CineAction
- Categories: Film
- Frequency: Three times per year
- Publisher: CineAction Collective
- Founded: 1985
- Country: Canada
- Based in: Toronto
- Website: cineaction.ca
- ISSN: 0826-9866

= CineAction =

Canada-based film magazine

CineAction (formerly styled CineACTION!) is a Canada-based film magazine, published three times a year, edited by an editorial collective that originally included critic Robin Wood. It was founded in 1985 by members of the film department at Toronto's York University. The magazine has a Marxist-orientation.
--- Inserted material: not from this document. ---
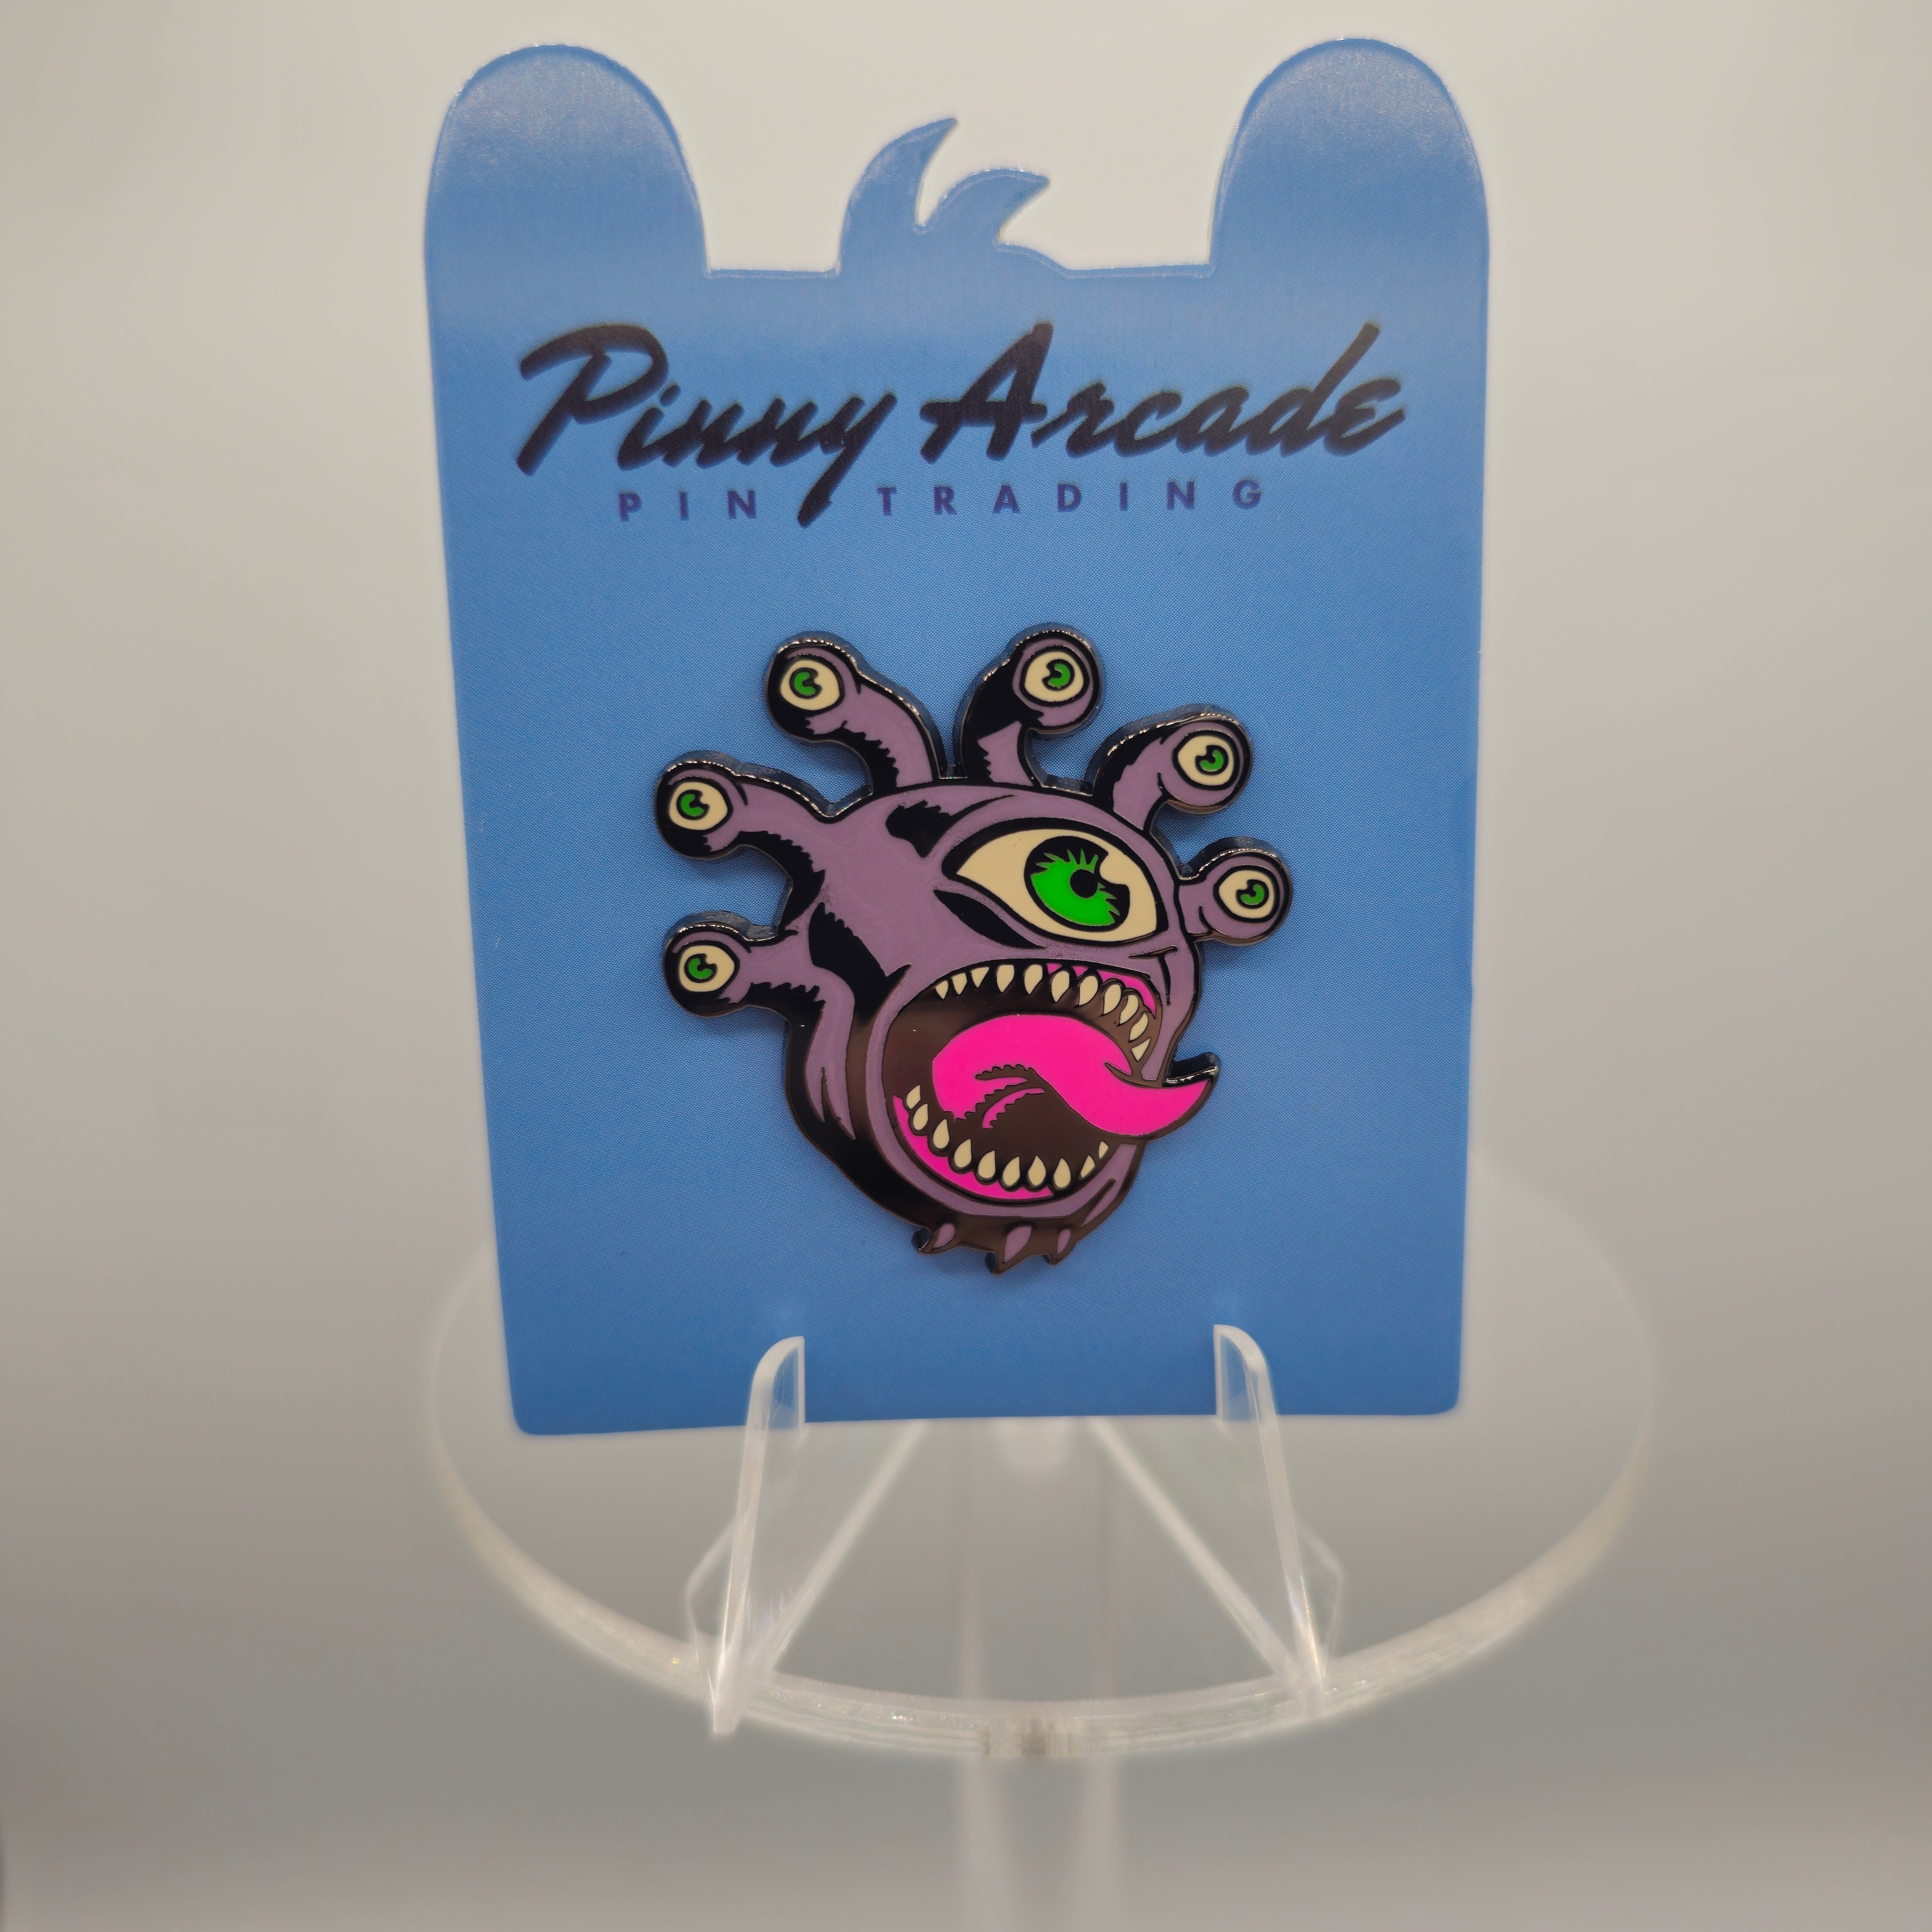 Pinny Arcade Pins - EyeCU

The first 98 issues of the magazine were published in print from 1985-2016. CineAction introduced its inaugural online issue (issue 99 "Politics & Cinema") in October 2018.

==Overview==
CineAction began publishing in spring of 1985 (as CineAction! A Magazine of Radical Film Criticism and Theory with an exclamation mark), and reached its 70th issue mark in early 2007. In a lead editorial in its first issue, the collective wrote that the aim of the publication was to "provide, within the field of film criticism, alternatives to what is generally available. We want to steer a course between, on the one hand, the practice of journalistic reviewing (the expression of personal opinions, within an entertainment format) and, on the other, academic "criticism" of a certain type (detached from contemporary social realities and frequently inaccessible to the uninitiated)". The first issue then went on to offer articles on films such as A Matter of Time, Tell Me a Riddle, Death Watch, and The Night the Lights Went Out in Georgia. Among the first issue's contributors were Robin Wood, Richard Lippe, Bryan Bruce 2 (a.k.a. film director Bruce LaBruce), Florence Jacobowitz, Maureen Judge, and Lori Spring.

In subsequent issues, CineAction! (the logo dropped the exclamation point with the 23rd issue) went on to publish the work of Douglas Pye, V. F. Perkins, Scott Forsyth, Tony French, Tony Williams, Edward Gallafent, Brad Stevens (film critic/novelist), Deborah Thomas, Andrew Britton, and scores more. CineAction generally poses a theme for each issue, and such themes have included comedy, sexuality in cinema, the films of Martin Scorsese, Canadian film, Imperialism, teen films, Vietnam, interpretation, documentary, rethinking authorship, and questions of value.

In issue No. 70, Wood announced that he was stepping down from the collective board, but would continue to contribute to the magazine. Issue No. 71 (Sexuality in the Cinema) was delayed for several months due to financial problems. However, it finally appeared on store-shelves in late May 2007. The final print issue of the magazine was Issue 98 (2016).